Rock bridges have long been recognised to provide crucial resistance against rock mass failure. Multiple rock bridges with diverse scales are widespread in natural rock masses. Despite prior positive contributions to a single rock bridge, mechanical behaviours of diverse-scale rock bridges remain elusive. In particular, whether rock bridges interact and how their failure processes evolve are still open questions. To fill in this gap, a block-based discrete element method, specifically the Universal Distinct Element Code, was employed to simulate diverse-scale rock bridges in granite subjected to direct shear to investigate their mechanical properties, stress and displacement fields, cracking processes, and acoustic emission characteristics. Results reveal a fundamental linear correlation between peak shear resistance and the proportion of rock bridges. As failure progresses, shear stress tends to concentrate at rock bridge tips, more prominently for the one farther from the shear loading end, attributed to the rotation of confining pressure plates.

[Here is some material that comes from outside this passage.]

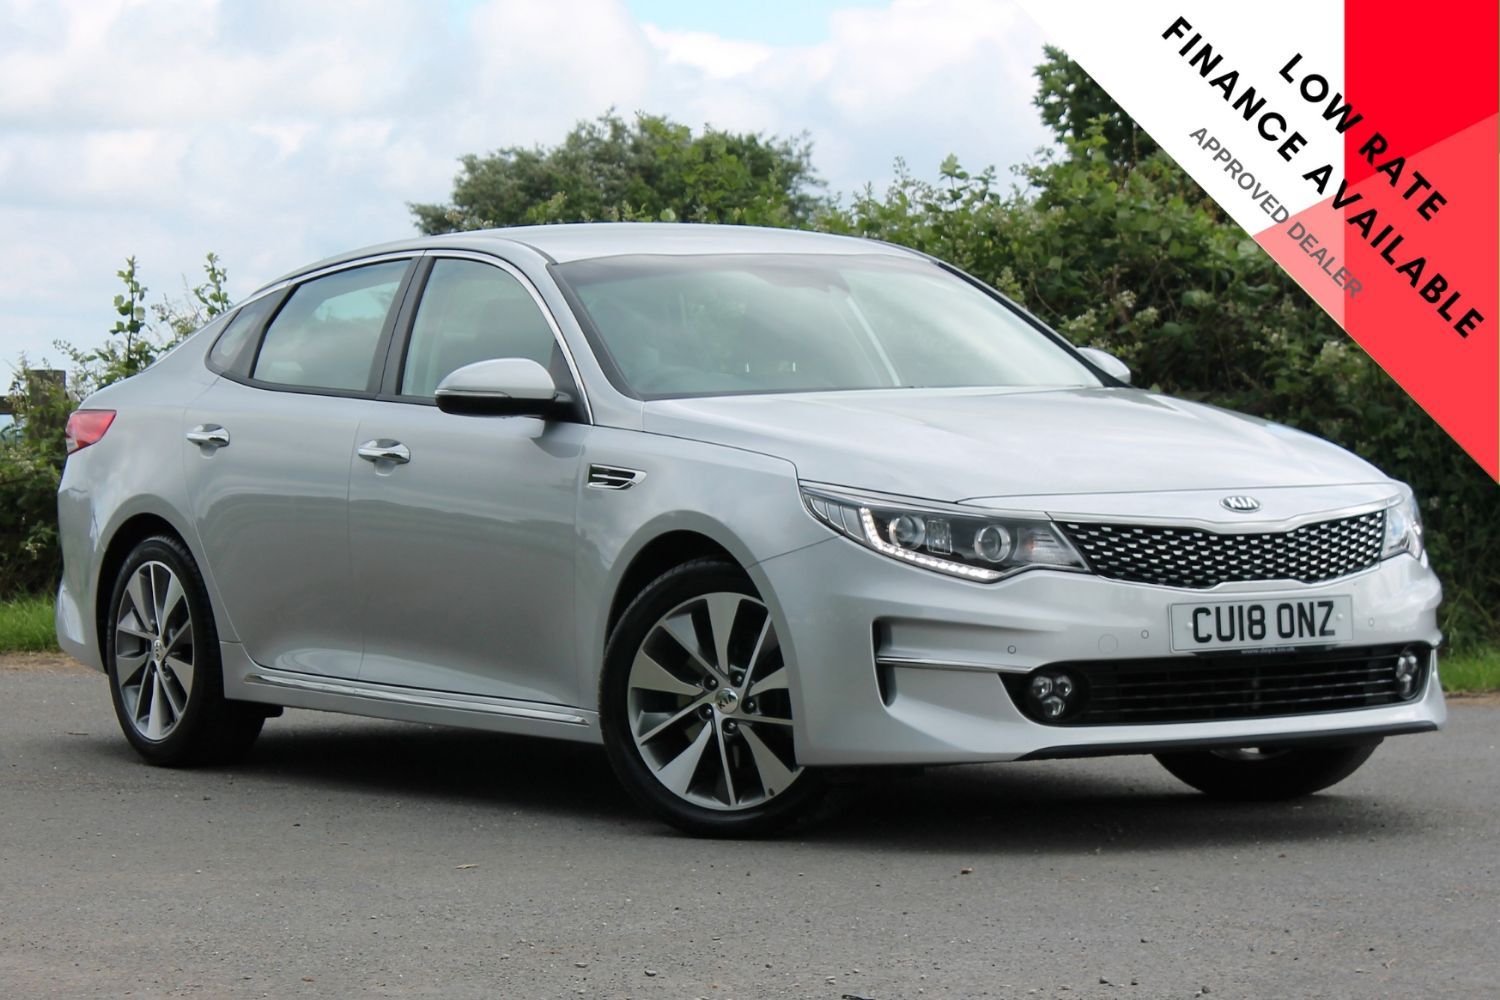 Used KIA OPTIMA in Ashby dela Zouch, Leicestershire

In addition, the irregularity of displacement distribution follows an arc-shaped configuration near rock bridges, and larger rock bridges display lower gradients in nearby displacement fields. Furthermore, wing cracks initiate from rock bridge tips in a tensile stress environment, with a greater length for rock bridges closer to the shear loading end. It is also found that rock bridges rupture in tension near the shear loading end and in shear further away. Expanding upon these findings and considering stress thresholds, we acquire new insights into the interaction patterns between diverse-scale rock bridges: when their sizes are similar, the rupture of the rock bridge closer to the shear loading end will expedite damage in the one farther away from the shear loading end towards its volume-expansion point; conversely, the rupture of a significantly larger rock bridge will overwhelmingly affect the smaller one. The identified interaction patterns provide significant proof of physical precursor patterns for reliably predicting the progressive failure of multiple rock bridges.